In the material below, the lines from the one containing "用刀、剪剪头发的理发师平面广告素材免费下载(图片编号:2020913)-六图网" through the one containing "Vista de los" are to be given again exactly, ends included, and no others.

RECORD EXTRACTS ▸
______

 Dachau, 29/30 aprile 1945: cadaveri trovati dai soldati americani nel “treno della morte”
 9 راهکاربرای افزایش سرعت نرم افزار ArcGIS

______

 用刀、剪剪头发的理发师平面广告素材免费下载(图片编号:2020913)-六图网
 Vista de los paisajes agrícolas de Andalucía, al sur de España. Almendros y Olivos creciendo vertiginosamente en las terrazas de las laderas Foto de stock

______

OUTPUT FOR THIS TASK ▸
 用刀、剪剪头发的理发师平面广告素材免费下载(图片编号:2020913)-六图网
 Vista de los paisajes agrícolas de Andalucía, al sur de España. Almendros y Olivos creciendo vertiginosamente en las terrazas de las laderas Foto de stock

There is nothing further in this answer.